Но, кажется, им не тяжелее, а может быть и легче. Из женских
воспоминаний о следствии я пока не нашел ничего, откуда бы заключить, что
они больше нас бывали обескуражены или упали духом ниже. Врач-гинеколог Н.
И. Зубов, сам отсидевший 10 лет и в лагерях постоянно лечивший и наблюдавший
женщин, говорит, правда, что статистически женщина быстрее и ярче мужчины
реагирует на арест и главный его результат -- потерю семьи. Она душевно
ранена и это чаще всего сказывается на пресечении уязвимых женских функций.

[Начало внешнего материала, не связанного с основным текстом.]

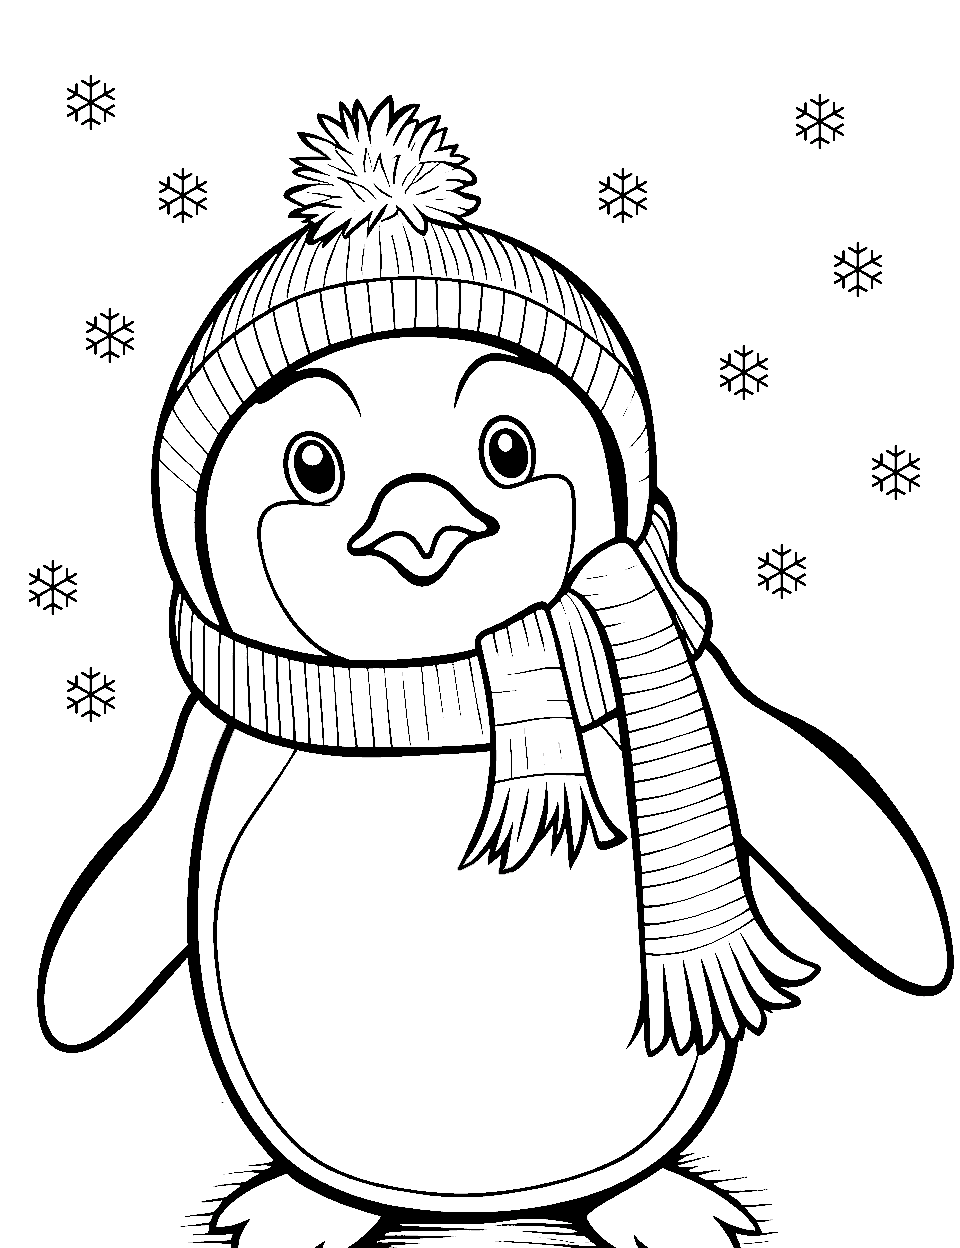 Penguin Chilling Coloring Page - A penguin wearing a scarf and a hat outside on a chilly day.

А меня в женских воспоминаниях о следствии поражает именно: о каких
"пустяках" с точки зрения арестантской (но отнюдь не женской!) они могли там
думать. Надя Суровцева, красивая и еще молодая, надела впопыхах на допрос
разные чулки, и вот в кабинете следователя её смущает, что допрашивающий
поглядывает на её ноги. Да казалось бы и чёрт с ним, хрен ему на рыло, не в
театр же она с ним пришла, к тому ж она едва ль не доктор (по-западному)
философии и горячий политик -- а вот поди ж ты! Александра Острецова,
сидевшая на Большой Лубянке в 1943-м, рассказывала мне потом в лагере, что
они там часто шутили: то прятались под стол, и испуганный надзиратель входил
искать недостающую; то раскрашивались свеклой и так отправлялись на
прогулку; то уже вызванная на допрос, она увлеченно обсуждала с
сокамерницами: идти ли сегодня одетой попроще или надеть вечернее платье?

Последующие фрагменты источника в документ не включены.